RECORDS FOR THE EXERCISE: Begin

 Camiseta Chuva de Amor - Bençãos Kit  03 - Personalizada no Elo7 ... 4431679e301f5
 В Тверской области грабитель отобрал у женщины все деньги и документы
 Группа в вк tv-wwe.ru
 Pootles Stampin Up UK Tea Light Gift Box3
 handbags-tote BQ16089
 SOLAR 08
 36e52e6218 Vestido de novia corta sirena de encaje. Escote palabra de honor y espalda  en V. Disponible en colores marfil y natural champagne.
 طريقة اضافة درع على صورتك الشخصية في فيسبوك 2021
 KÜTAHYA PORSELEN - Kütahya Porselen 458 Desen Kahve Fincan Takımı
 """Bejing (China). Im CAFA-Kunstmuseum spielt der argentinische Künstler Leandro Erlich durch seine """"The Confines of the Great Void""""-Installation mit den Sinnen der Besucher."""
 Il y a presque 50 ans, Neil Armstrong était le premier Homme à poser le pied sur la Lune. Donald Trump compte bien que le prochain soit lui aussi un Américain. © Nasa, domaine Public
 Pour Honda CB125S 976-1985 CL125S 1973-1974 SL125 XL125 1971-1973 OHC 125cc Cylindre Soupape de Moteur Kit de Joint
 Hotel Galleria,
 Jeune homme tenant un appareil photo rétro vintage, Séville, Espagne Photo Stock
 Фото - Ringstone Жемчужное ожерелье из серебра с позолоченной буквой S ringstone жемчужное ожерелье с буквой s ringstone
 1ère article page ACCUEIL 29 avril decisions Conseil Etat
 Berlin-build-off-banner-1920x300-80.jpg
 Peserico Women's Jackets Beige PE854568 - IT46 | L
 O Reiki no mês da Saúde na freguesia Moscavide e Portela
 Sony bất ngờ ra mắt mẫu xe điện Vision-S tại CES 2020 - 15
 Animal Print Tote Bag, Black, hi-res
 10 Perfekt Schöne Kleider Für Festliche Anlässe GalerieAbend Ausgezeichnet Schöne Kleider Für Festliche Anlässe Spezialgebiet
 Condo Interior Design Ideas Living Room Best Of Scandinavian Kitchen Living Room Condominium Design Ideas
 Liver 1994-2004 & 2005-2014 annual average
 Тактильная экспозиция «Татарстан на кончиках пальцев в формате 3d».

RECORDS FOR THE EXERCISE: End

**WHAT THE TASK REQUIRES**
Reproduce only the lines running from the one that contains "Animal Print Tote Bag, Black, hi-res" to the last line of the records.

**WORKED SOLUTION**
 Animal Print Tote Bag, Black, hi-res
 10 Perfekt Schöne Kleider Für Festliche Anlässe GalerieAbend Ausgezeichnet Schöne Kleider Für Festliche Anlässe Spezialgebiet
 Condo Interior Design Ideas Living Room Best Of Scandinavian Kitchen Living Room Condominium Design Ideas
 Liver 1994-2004 & 2005-2014 annual average
 Тактильная экспозиция «Татарстан на кончиках пальцев в формате 3d».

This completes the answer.